The answer is the full listing below, copied exactly, with its pictures omitted.

Segment Start: Supplied data

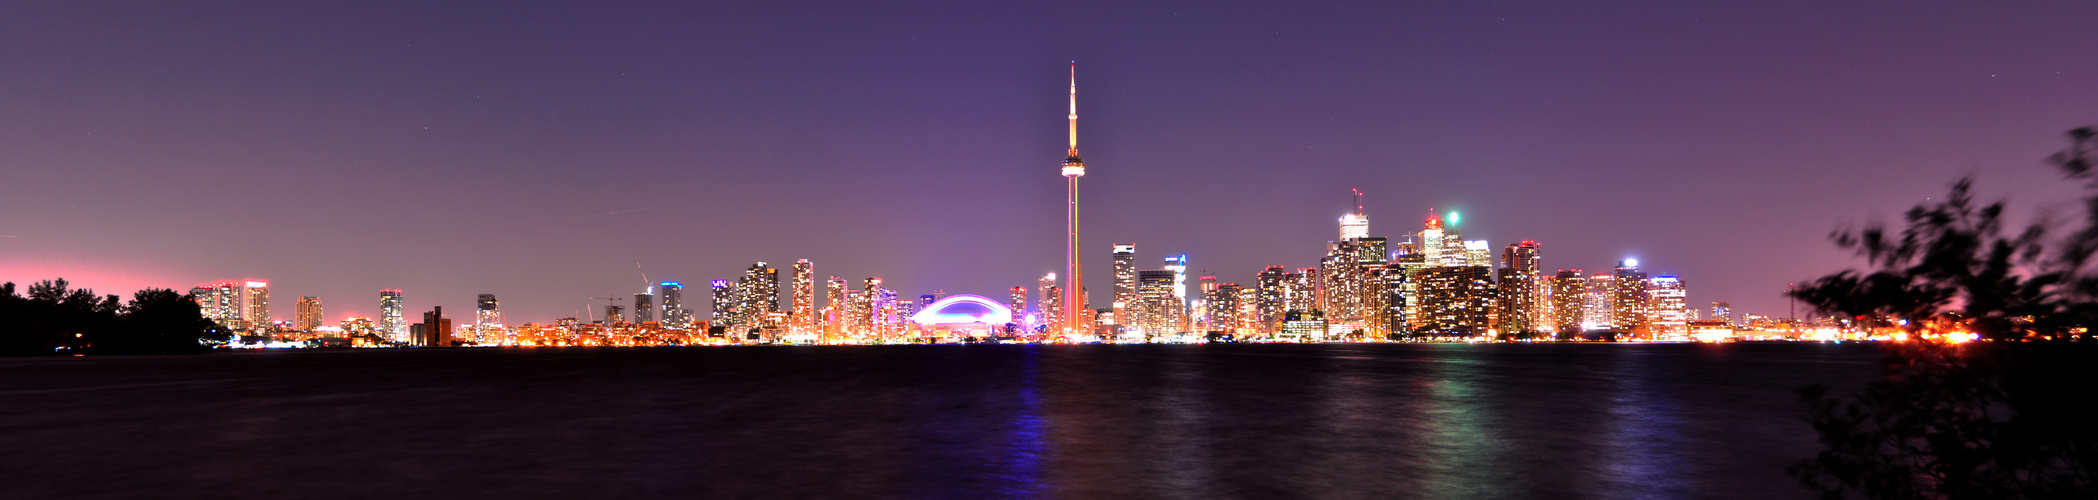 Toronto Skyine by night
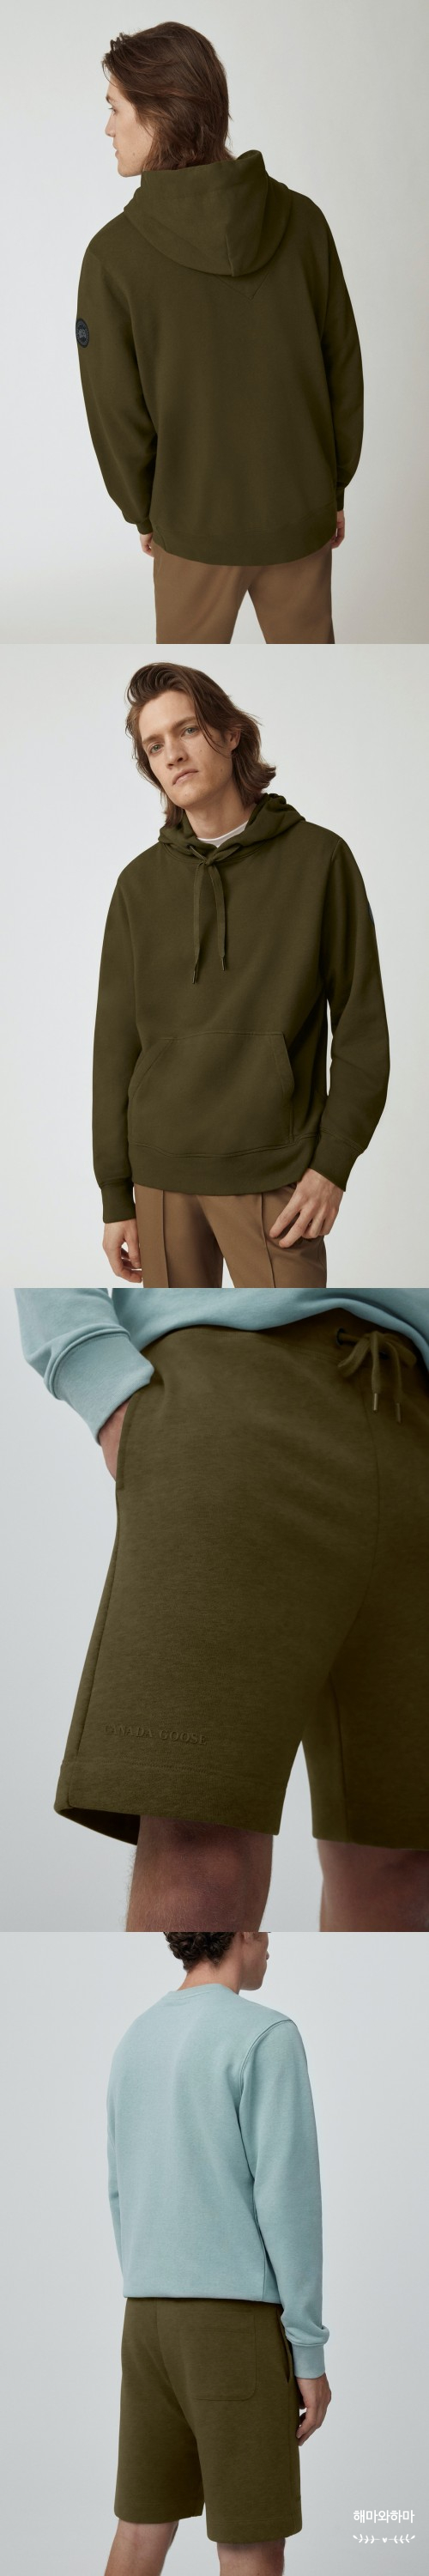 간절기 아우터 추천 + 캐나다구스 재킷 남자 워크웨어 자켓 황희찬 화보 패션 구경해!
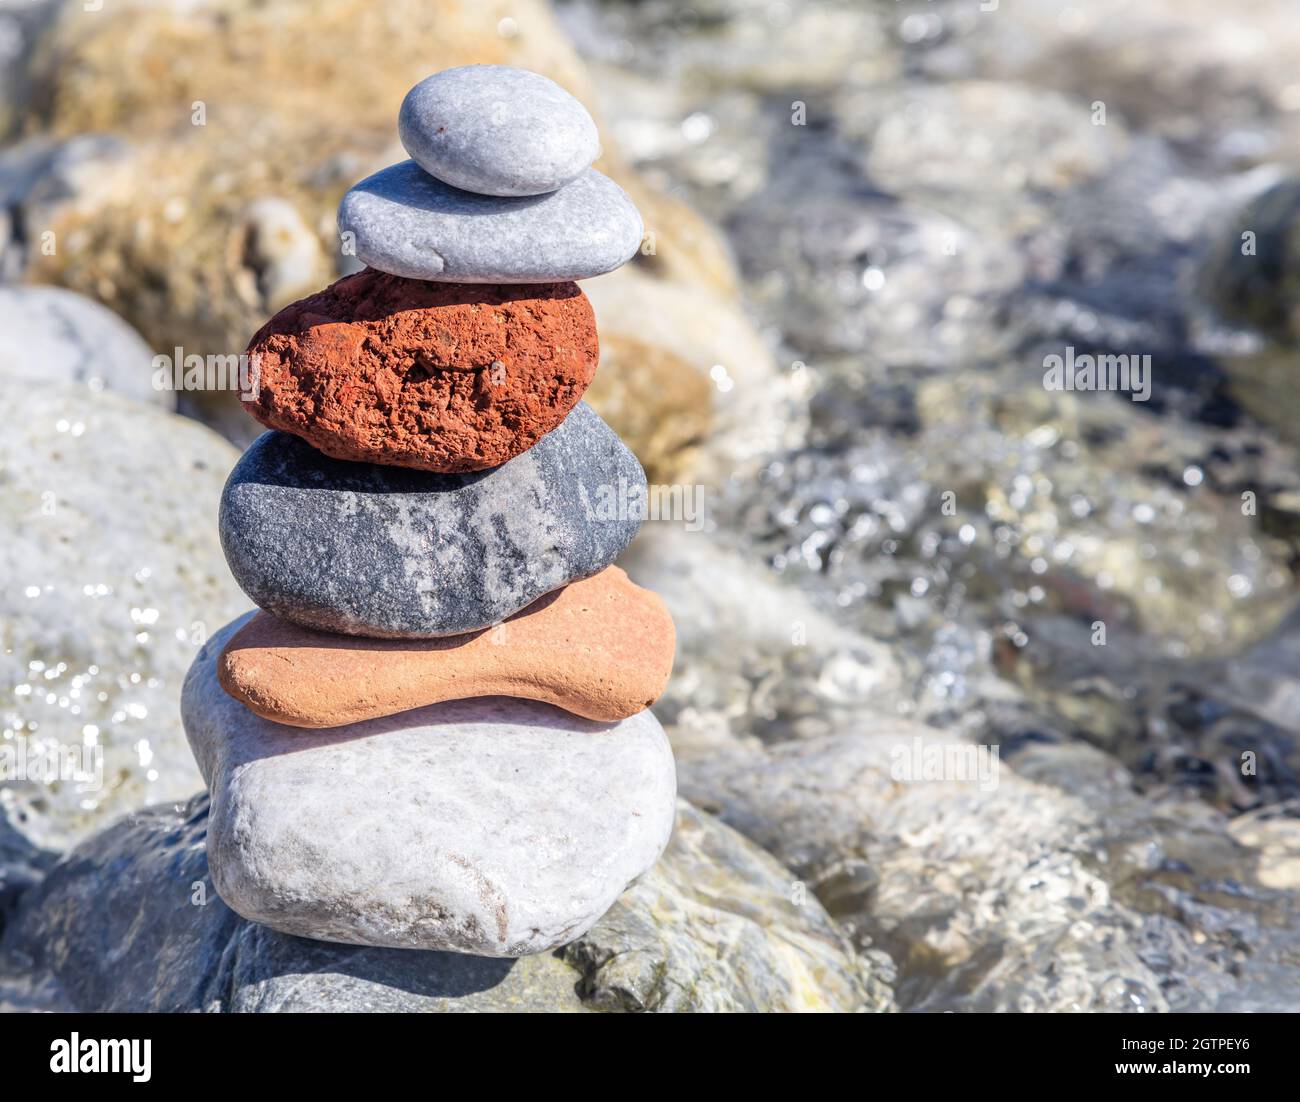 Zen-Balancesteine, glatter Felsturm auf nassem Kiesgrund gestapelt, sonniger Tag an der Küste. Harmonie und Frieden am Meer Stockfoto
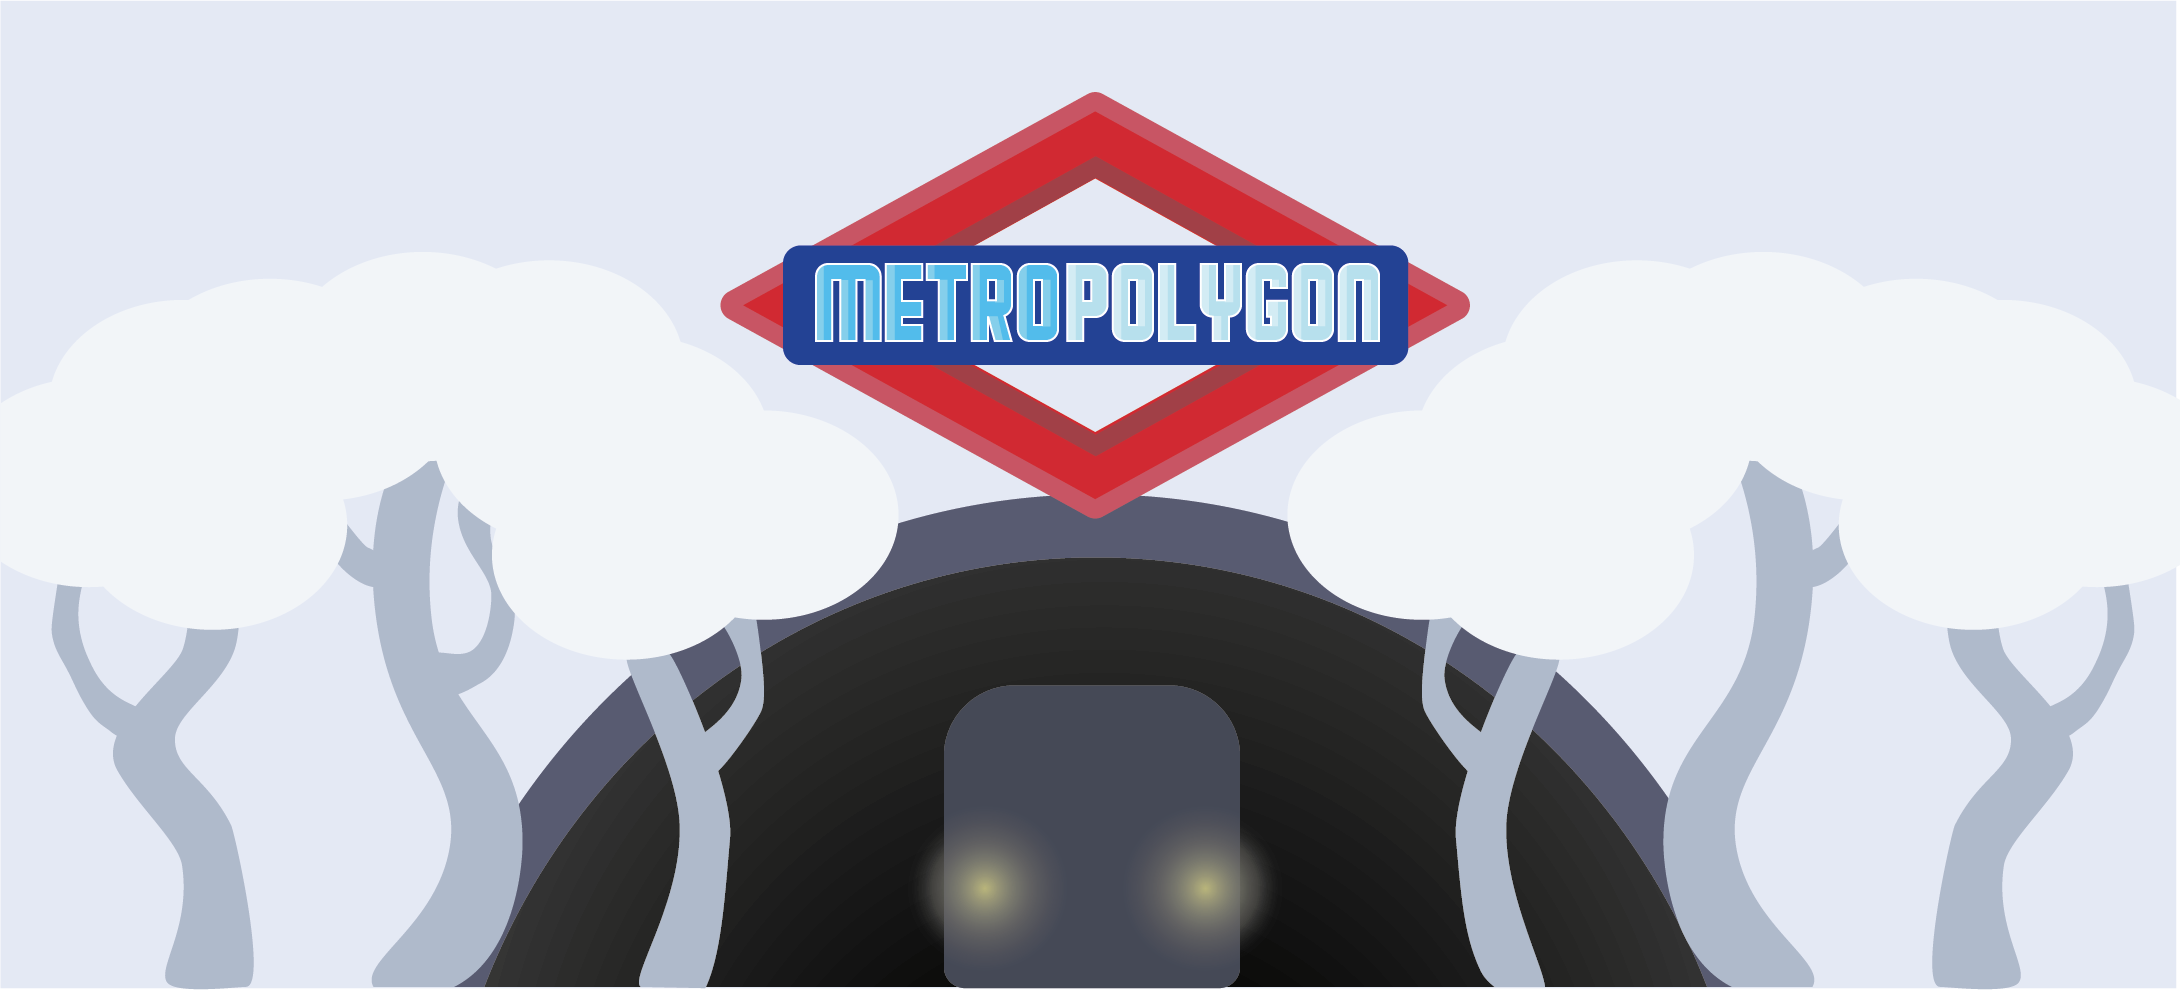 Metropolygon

Segment End: Supplied data

◆ Reply to the task
 Toronto Skyine by night
 간절기 아우터 추천 + 캐나다구스 재킷 남자 워크웨어 자켓 황희찬 화보 패션 구경해!
 Zen-Balancesteine, glatter Felsturm auf nassem Kiesgrund gestapelt, sonniger Tag an der Küste. Harmonie und Frieden am Meer Stockfoto
 Metropolygon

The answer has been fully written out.